To add to Sachs' synopsis of OECD data, I looked at theirs on population growth and immigration. (I was tickled pink – oops, maybe the wrong color here – to find the tables downloadable as spreadsheets.) Over the past 10 years, population growth of 6 Anglophone countries (including Ireland ?) was 1% per year and that of the Scandanavian countries 0.36%. Net migration over the same period was 4.5 per 1000 population for Anglophones and 1.9 for Scandanavians. First thought, of course, was that if it was so much better in Scandanavia, how come the immigration rate is less than half that of the Anglophones? On the other hand, might not the population dynamics by themselves explain both the difference in average income and poverty rate.

Kent Gatewood November 18, 2006 at 11:41 am

I guess we all have a special book. While I really enjoyed the Friedmans' tv series, Alexander Solzhenitsyn's The Gulag Archipelago is mine. This life changing examination of the consequences of the communists search for social justice has forever made me more than suspicious of those like Ms Lav.

Sean November 18, 2006 at 1:36 pm

Hmm…somehow, for Sachs, looking at a bunch of numbers caused by a very high number of variables, most of which can't be controlled for, is now "science". And he even included a "poverty rate" of varying standards as well as a surely false "unemployment" rate (for example, Sweden's true unemployment rate is probably twice that reported). Also, why not throw in places like Japan and South Korea as low-tax areas….oh yeah, might mess up your little "R&D % of GDP" data line.

Mike Linksvayer November 18, 2006 at 2:47 pm

Wow, I am deeply embarrassed for Sachs, and for SciAm's editors.

You should know about

Stormy Dragon November 18, 2006 at 4:07 pm

I used to be a subscriber to Scientific American back in the 80's and 90's, but as time went on, the political bias in their articles became increasingly blatant. I stopped subscribing when they crosses the line into presenting publishing pseudo-scientific stuff like the Sach's article.

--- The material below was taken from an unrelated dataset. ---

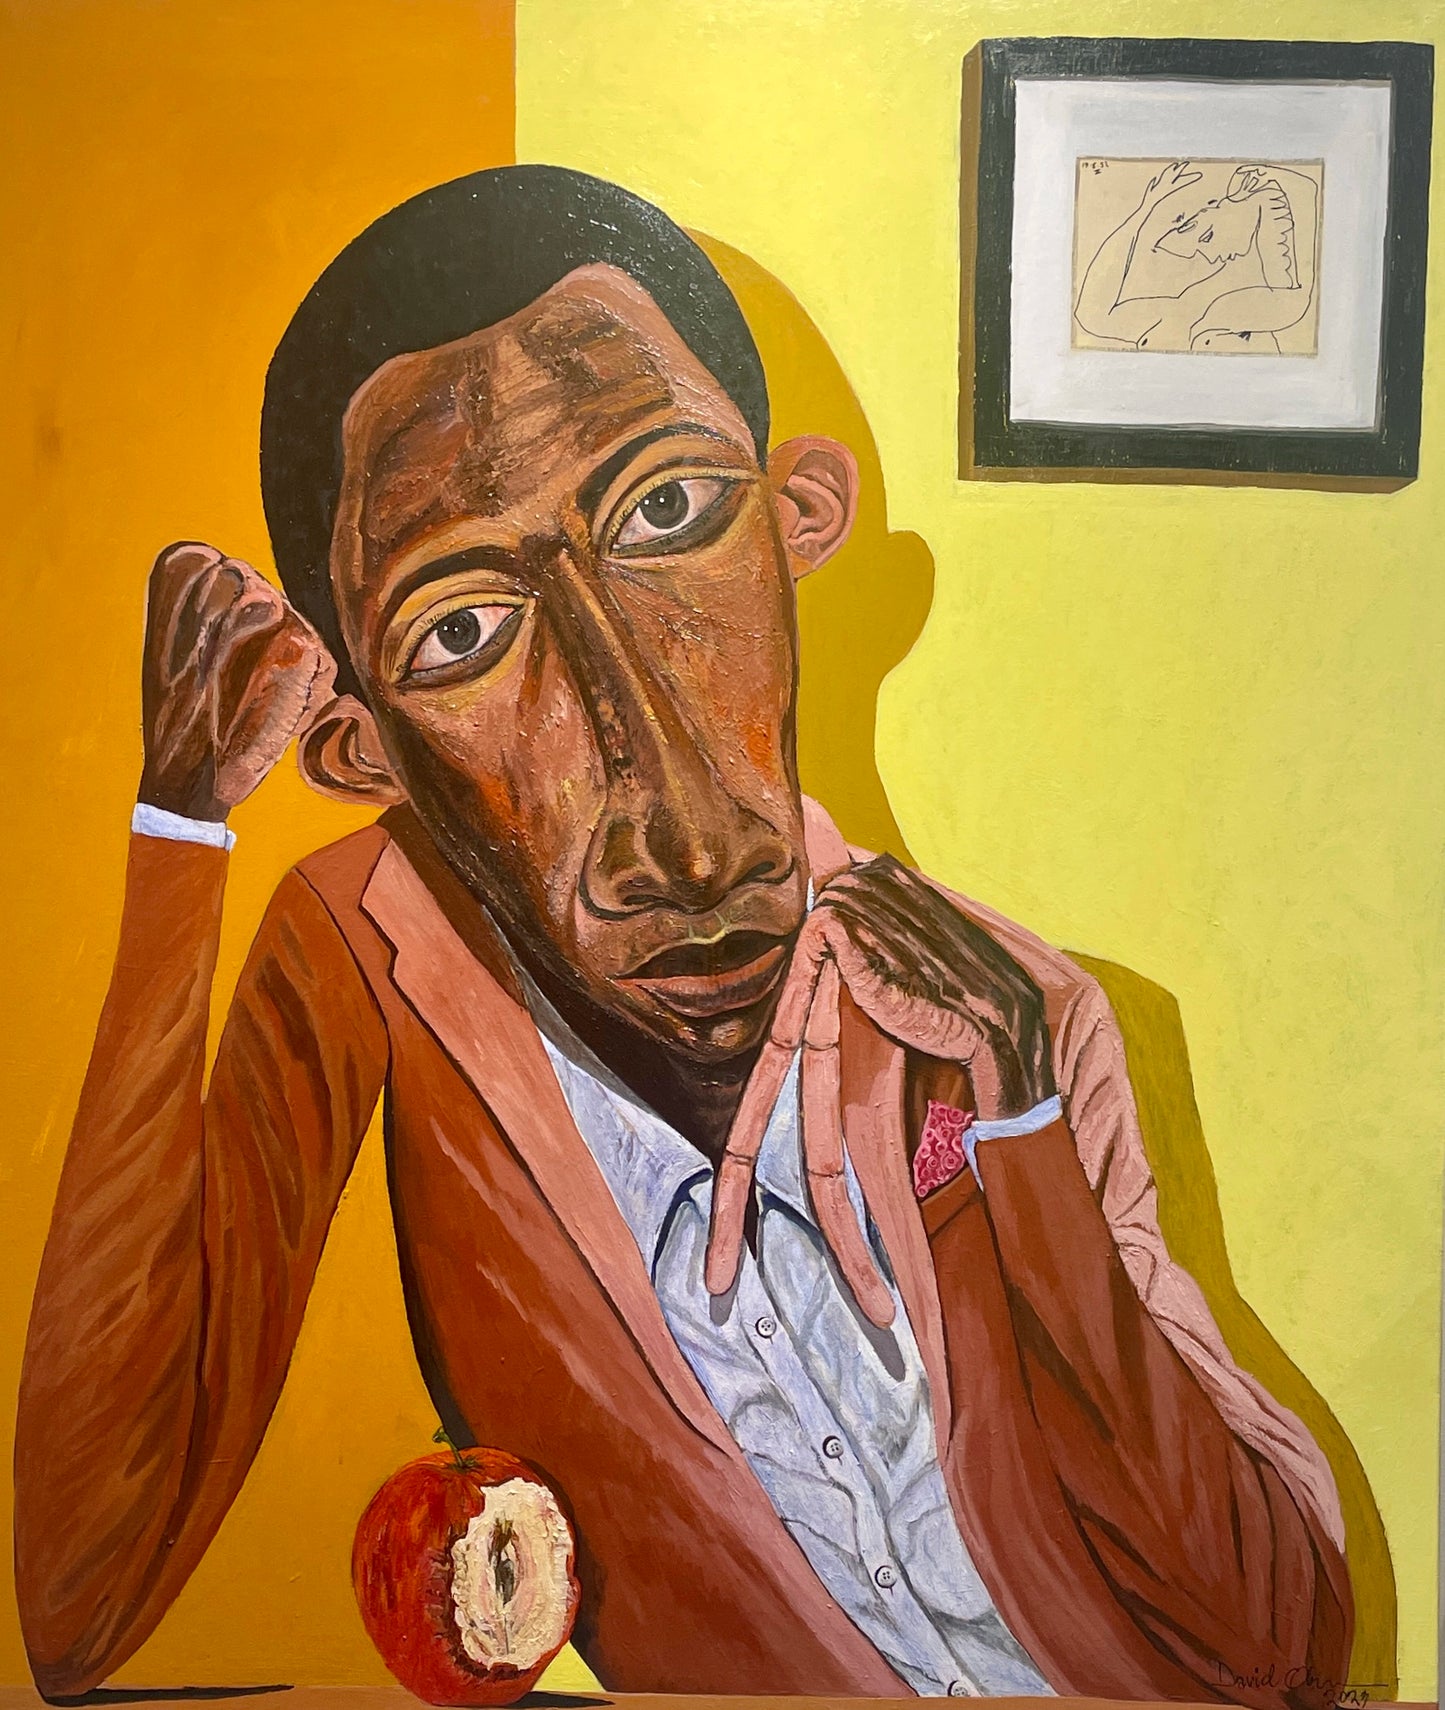 Maleriet "Man in his thoughts" av David Obi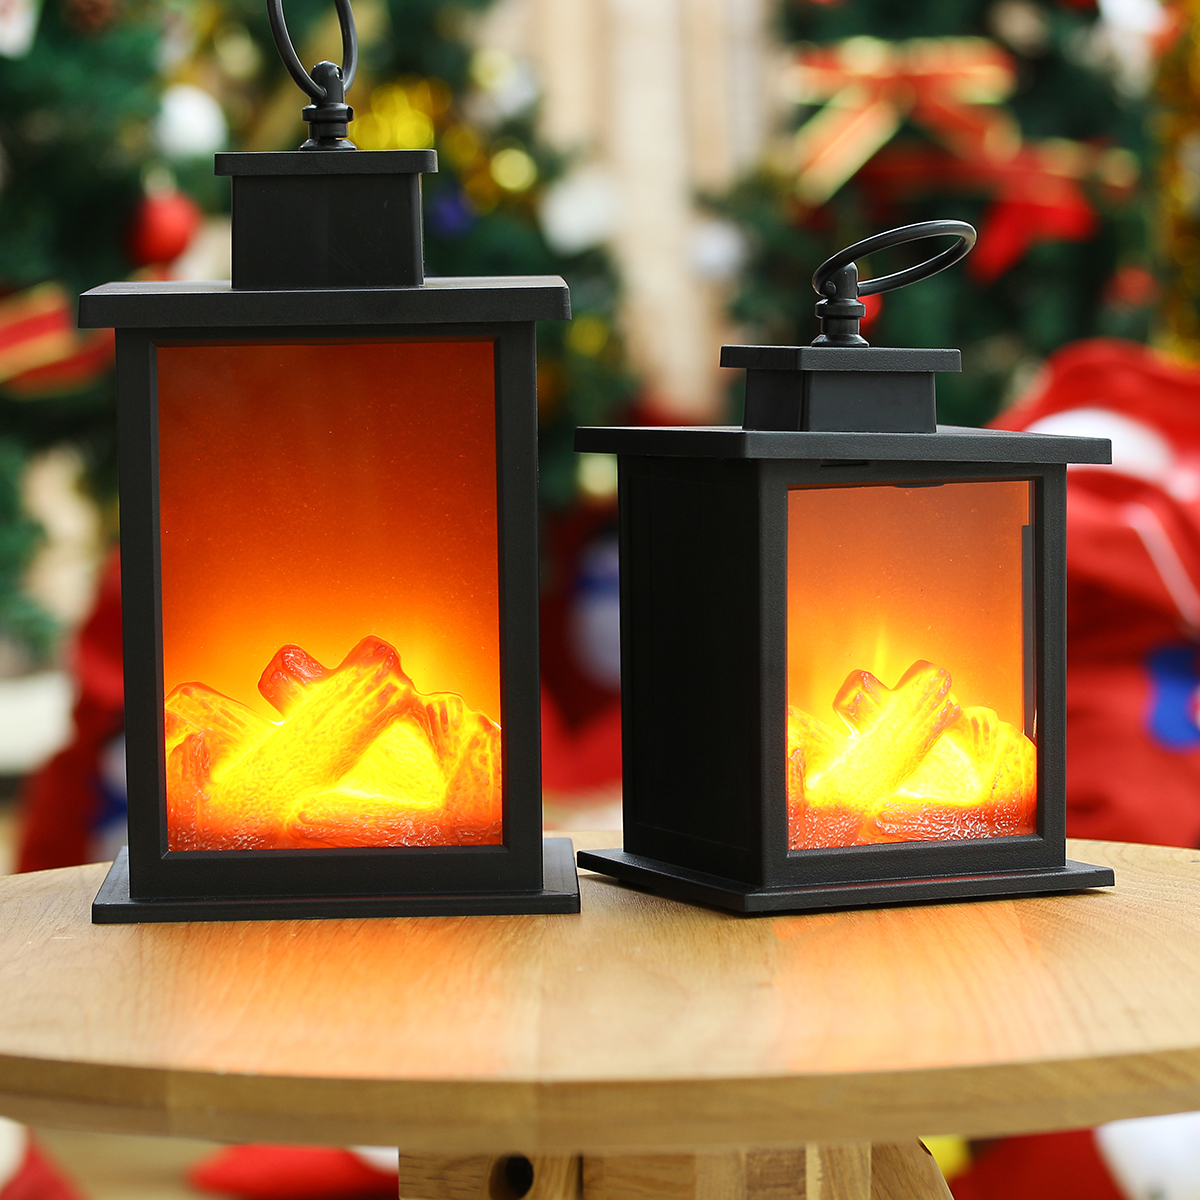 LED-Fireplace-Lantern-Flameless-Light-Fire-Effect-Vintage-Battery-Power-Lamp-HOT-1697164-3

It appears they haven't changed much since I left.

Sad to see such a venerable magazine reduced to such a state.

Brad Hutchings November 19, 2006 at 2:59 am

Example 182,361 of "Conservatives are evil, liberals are stupid". Apologies for lumping you in with the conservatives. Embrace being evil. It makes the argument so much easier.

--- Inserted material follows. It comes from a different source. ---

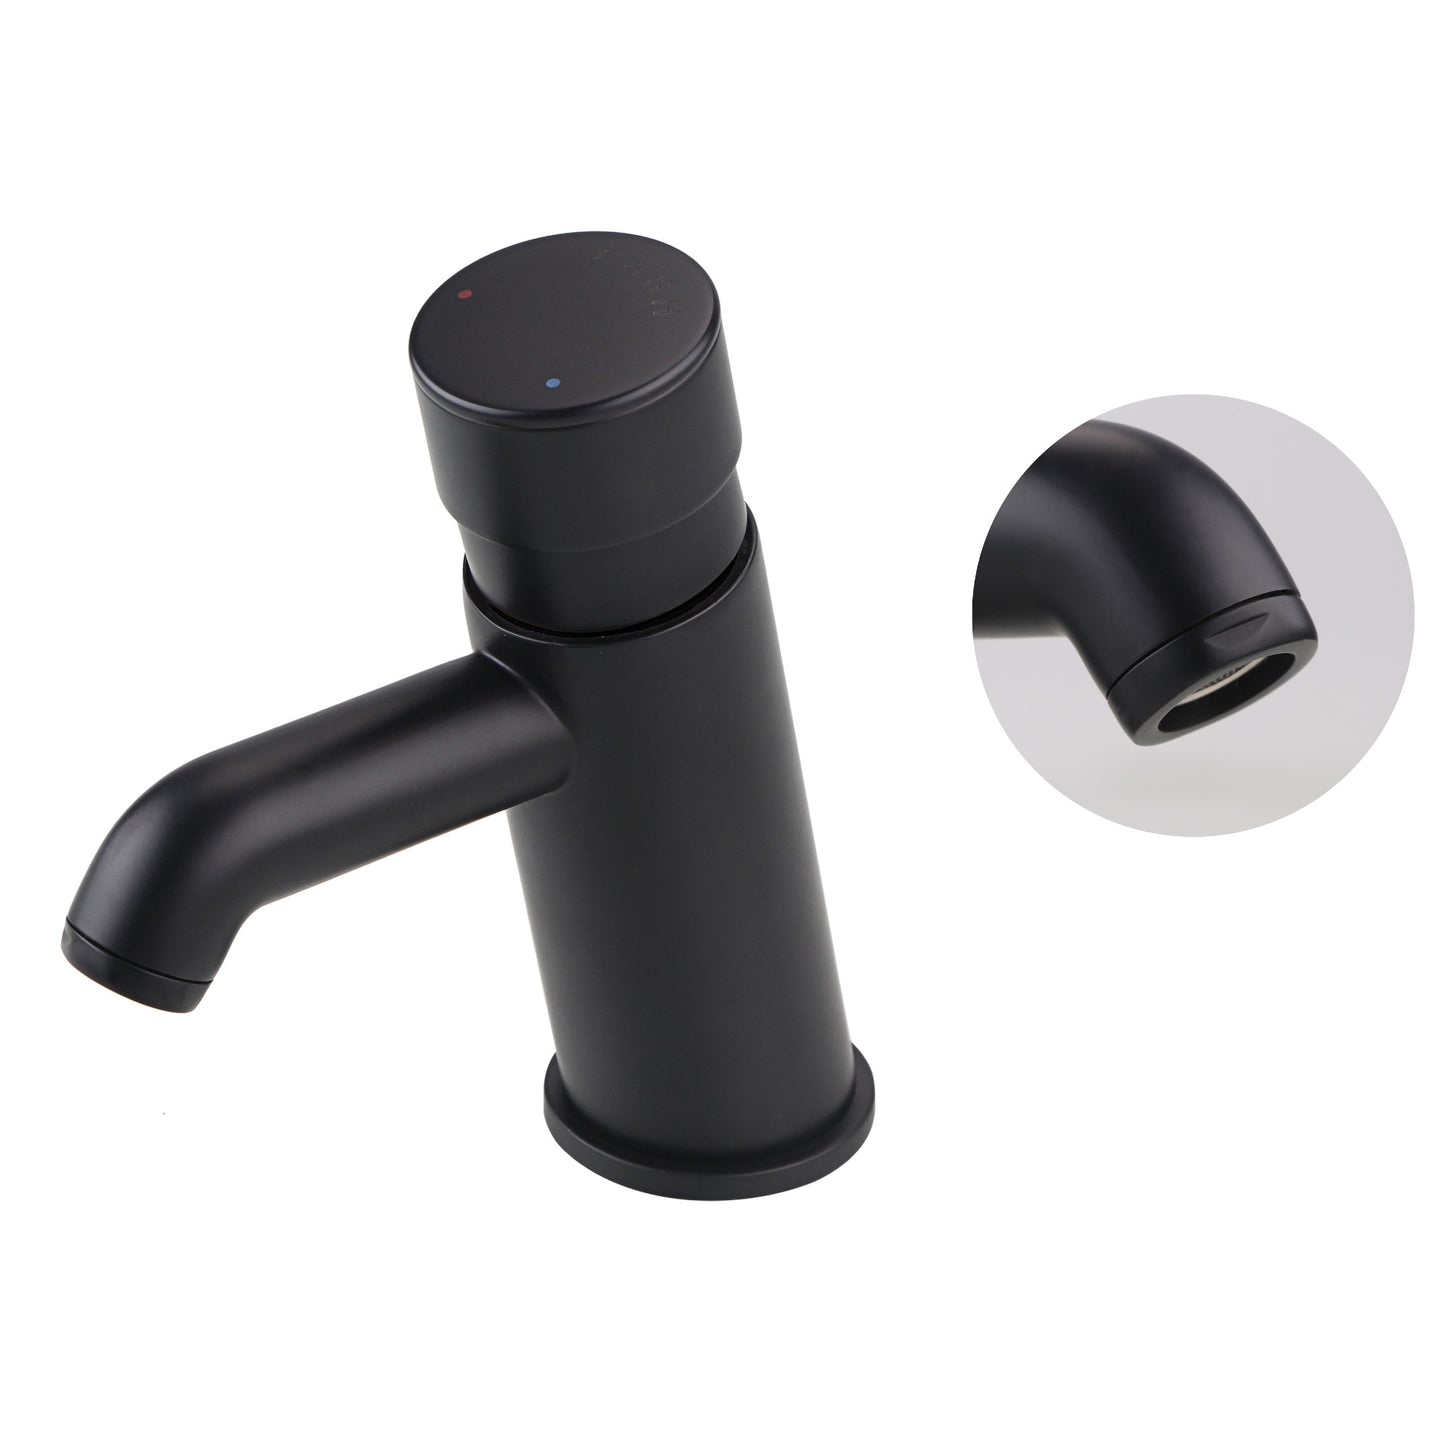 Vision mono non concussive time adjustable basin mixer tap modern - black - 12 pack

Henri Hein November 19, 2006 at 3:45 am

This is mind-numbing.

"The evidence is now in "

Mr. Sachs has only now discovered emperical evidence in the social sciences?

"Friedrich Von Hayek was wrong"

Hayek attacked socialism, not welfare.

One of the things about the Scandinavian countries that is often overlooked is that they have a strong tradition of property rights, going back further than even Englands. Their commitment to a freemarket economy was never in serious question.